There may be situations where the validator of one shard does not know what is happening in another shard, so it is not possible to determine if the sequencer is working correctly, and this can also be illustrated with the data that 'it contains. If you are the user of one partition, you can sample data using the credentials of information available from all other partitions. This way you equalize the validators of each shard, so available data is guaranteed and Ethereum secures your shard data.

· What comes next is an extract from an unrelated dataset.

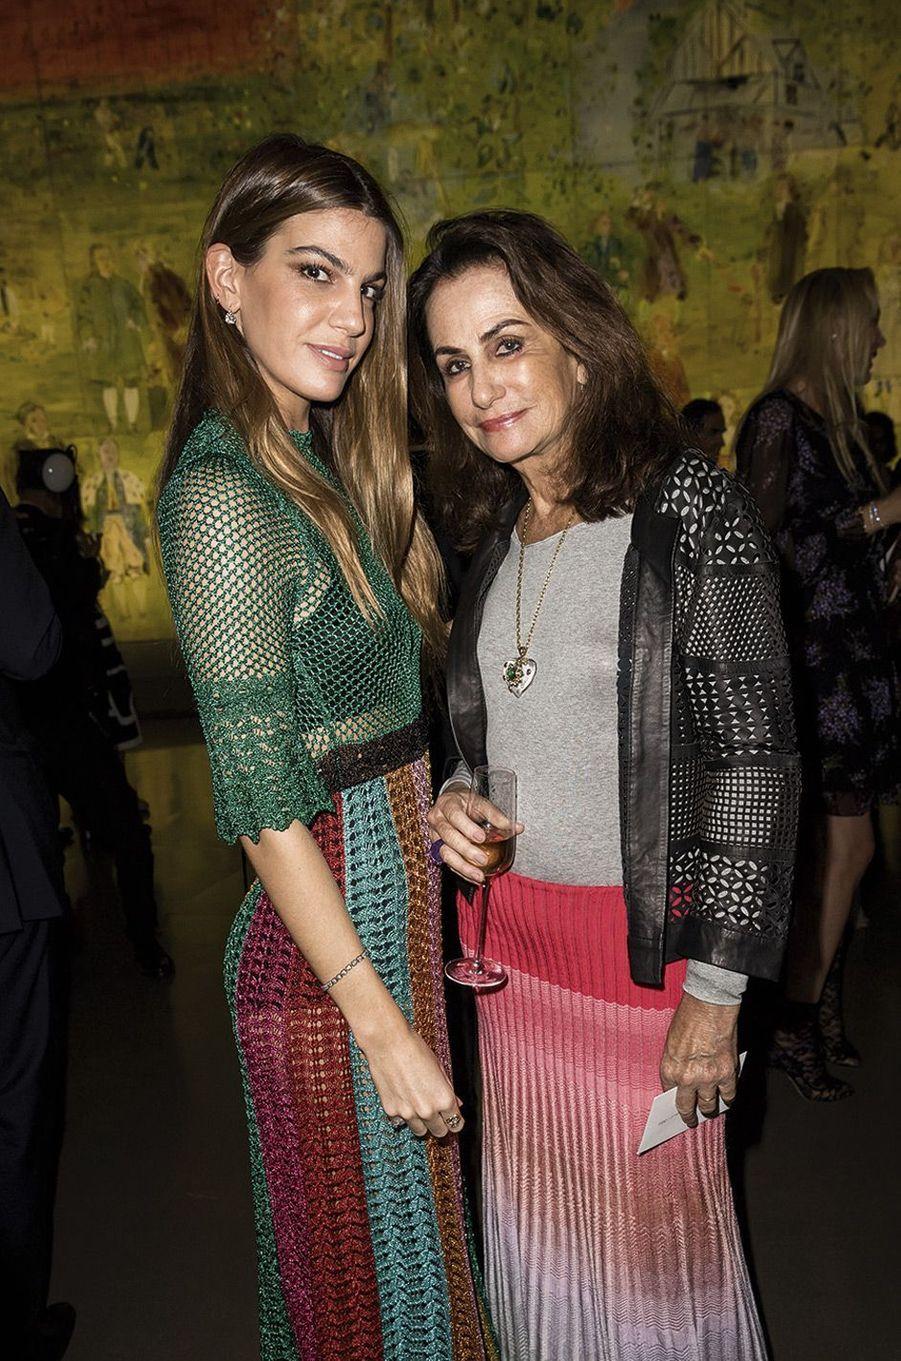 Bianca et Georgina Bradolini d'Adda.

Other chains, tories and polygon use can also want to expand data out of places. Unlike other protection, celestia and polygon soil is both in the block and industry and information available. In other words, to ensure the relanner of Celestia and polygon is useful, needed materials to provide appropriate properly and order necessary information. However, this information is not required to do all the achievements (eg, completion, or count), so you do not have to use all of reliability. Instead, the light of the ability to complete the documents that have a practical processing is to be responsible for completion of all of the data structure. In other words, they're available for nodes enough that can prove the file, you can easily use the phone number of information. Continue the block and improve the hardware of proofs that must be made to increase the information.

为什么「数据可用性」对区块链扩容来说至关重要？

Let's conclude now. Data issues are perhaps at the heart of the blockchain trilemma that affects all of our scaling efforts. Fortunately, we can solve the problem of possessing data by using critical technology as evidence. This provides access to data sources to measure size, reduce the cost of data aggregations dumping a large amount of industry data to manage market flows for the entire world. Proven data also ensures reliability without having to rely on deployment processes. We hope this article has helped you understand why data is so important to open all information resources.